Was just wondering if somebody actually kept Pseudotropheus sp.red zebra "cherry red' and if they are really this red (Picture attached) . I would love to see it in somebodys tank.


----------



## Fogelhund (Dec 3, 2002)

That is Metriaclima estherae. They are rarely that red, and usually require some type of food with colour enhancers to get even close, even if you get really good ones.


----------



## kbuntu (Aug 25, 2008)

Fogelhund said:


> That is Metriaclima estherae. They are rarely that red, and usually require some type of food with colour enhancers to get even close, even if you get really good ones.


It's a good looking fish thats for sure. I actually couldn't believe it when I saw the picture but apparently this is the real color according to http://bluegrassaquatics.com/aquati...s/pseudotropheus-sp.red-zebra-cherry-red.html


----------



## WHITE KNIGHT (Sep 27, 2008)

my red zebra which is suppose to be a "cherry red " is more pink than red but it seems to be a fairly peaceful little guy


----------



## Fogelhund (Dec 3, 2002)

I've had fry look like that up until 1", then they often start to fade some. With line breeding, and the right food it could be possible. Of course, you need the same food that they were feeding at the farm.


----------



## kbuntu (Aug 25, 2008)

I might give it a shot and order 5-6. I will ask the guy what he is feeding them.


----------



## Dewdrop (Nov 20, 2007)

I clicked on the link you provided. It says right there the name of the foods they do good on. Don't know if that's what they actually feed or not :roll: I've got my doubts that they would stay as red as they look in the pic. Did you watch the video in the link? Notice how when the light hits them a certain way they look more orange than red? That's probably more the true color of them. If you give them a try let us know. I think I'd order some too if they really are and stay that red :thumb: .


----------



## Mobius1230 (Sep 22, 2008)

I just think their pretty, orange or red :dancing:


----------



## DJRansome (Oct 29, 2005)

I think the lighting in the photo is making the fish look more red than it would normally.


----------



## why_spyder (Mar 2, 2006)

Another thing to take consideration of is mood. I haven't had Met. estherae, but with many mbuna the males' coloration intensifies with hyperactivity (generally spawning mode). With some the colors lighten - with others the colors darken.
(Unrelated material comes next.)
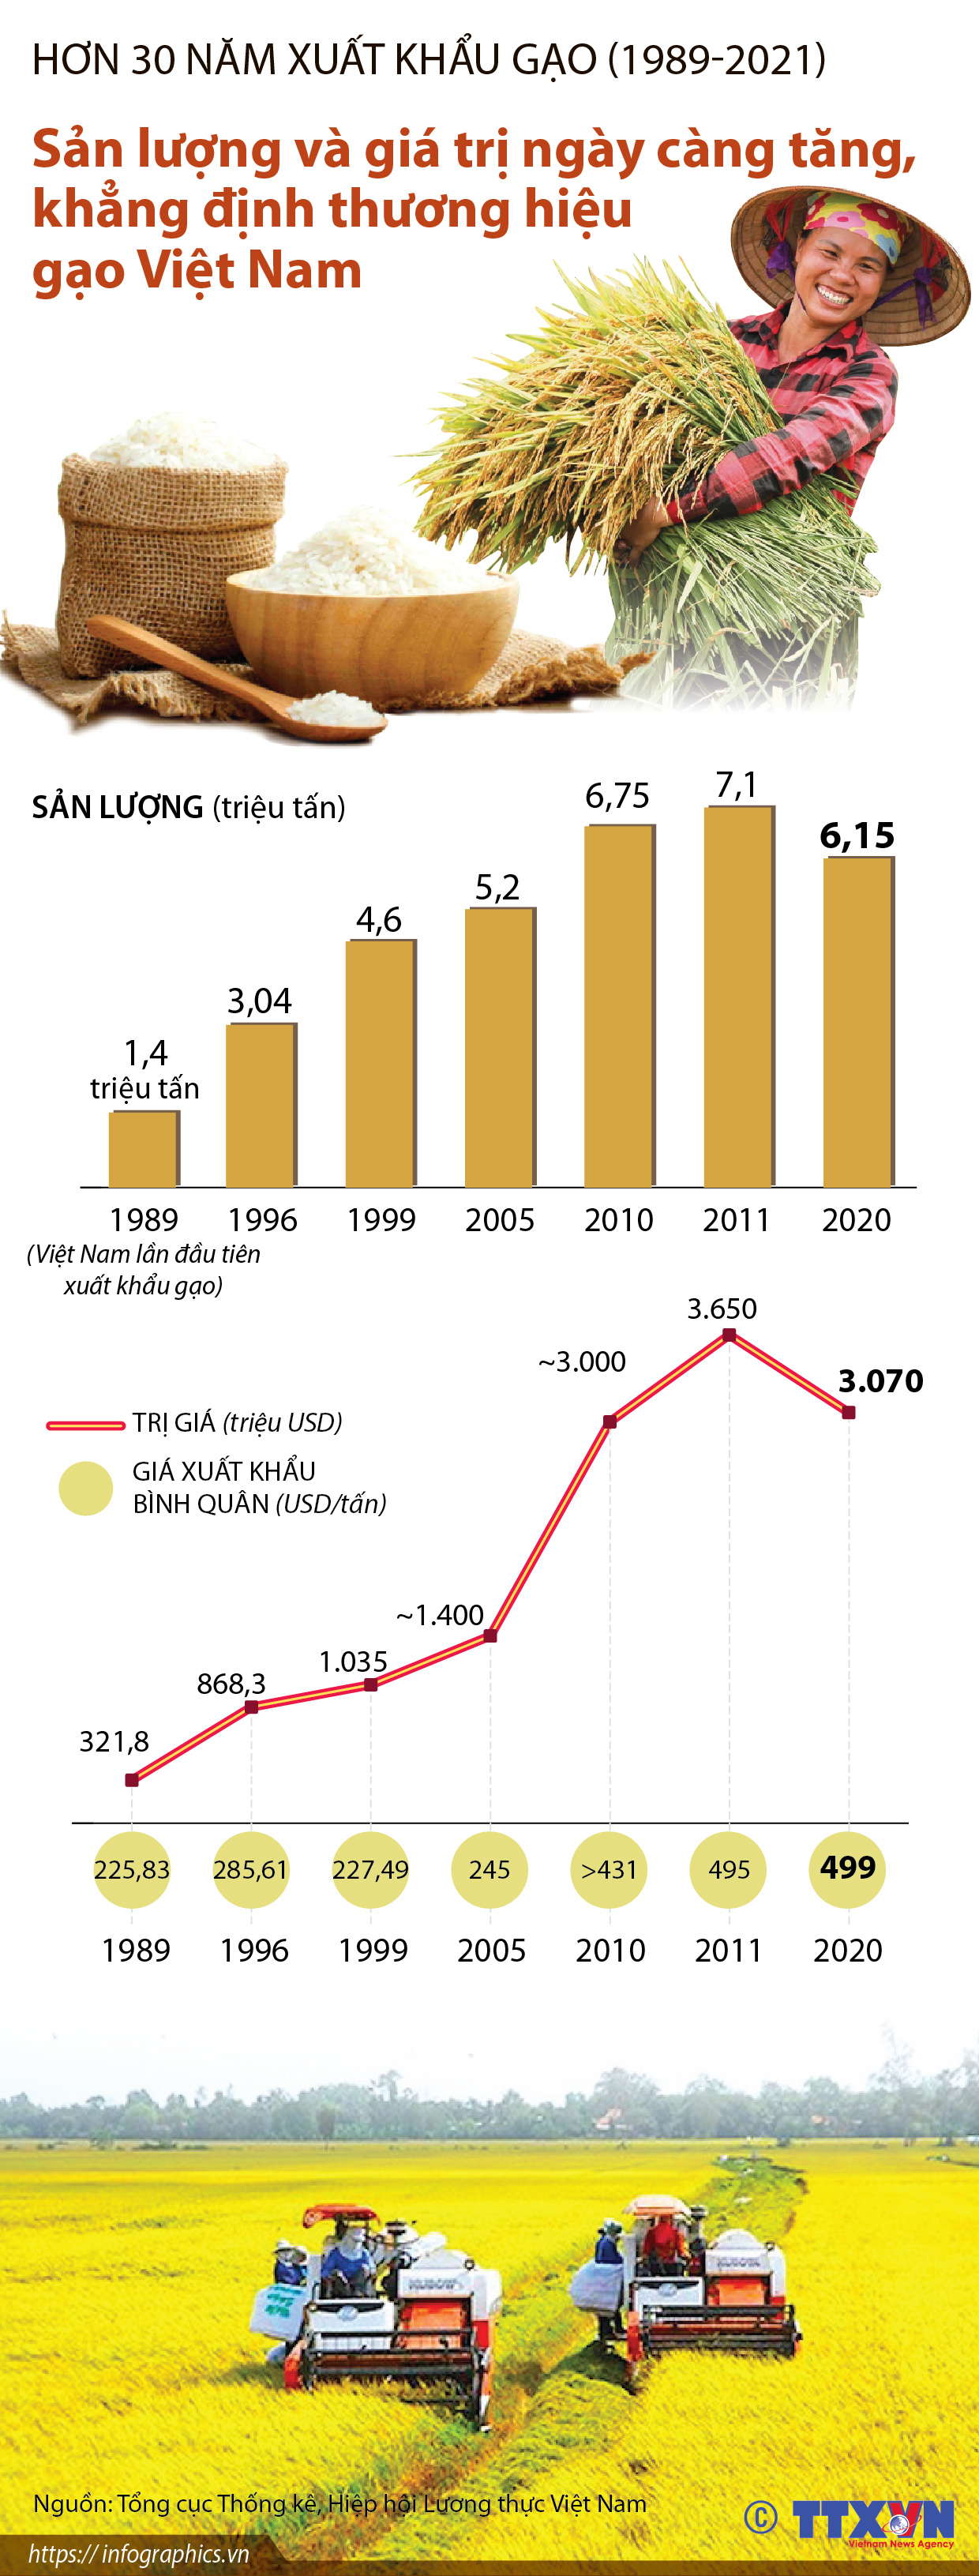 Hơn 30 năm xuất khẩu gạo (1989-2021): Khẳng định thương hiệu gạo Việt Nam

But I think I would agree with DJRansome, it is either the lights or maybe a bit of photoshop work... :wink:


----------



## plow (Feb 19, 2008)

I would never take any colour from a computerised photo and assume it is its natural colour.

Colours on any computer are misleading, angle and type of lighting, contrast adjusted and how photo was taken will also cause variations.

I picked up a couple of red zebras from a shop where the fish were so red I almost did not beleive they were m.estherae. i bought them just to compare to my own zebras... The bloke said it was the food that made the difference so i also bought some of the same food.

After feeding my fish this food for a couple of months I can say that my female zebras coloured up pretty similar to the bright red in the shop, males didn't change much, they stayed a peachy colour.

The photo on this thread I beleive will never be a true representation of how red these zebras get. Although i now know they can get very red.... but NOT this red as in the photo.


----------



## squiggly (Mar 22, 2007)

Here are pics of mine.

Male










Females (not so close up)










I do not feed them any color enhancing foods. They are just as beautiful if not more, then when I bought them.


----------



## kbuntu (Aug 25, 2008)

squiggly said:


> Here are pics of mine.
> 
> Male
> 
> ...


They do look very nice. How old are they? Have you noticed the color fading?


----------



## copasetic (Nov 26, 2007)

This is bluegrass we are talking about.. The same place that says OB afra's occur in the wild!


----------



## why_spyder (Mar 2, 2006)

copasetic said:


> The same place that says OB afra's occur in the wild!


Yep, I still haven't forgotten that. :lol:


----------



## copasetic (Nov 26, 2007)

I will never forget it.. And this site shouldnt either.. But yet there they are as a site sponser..


----------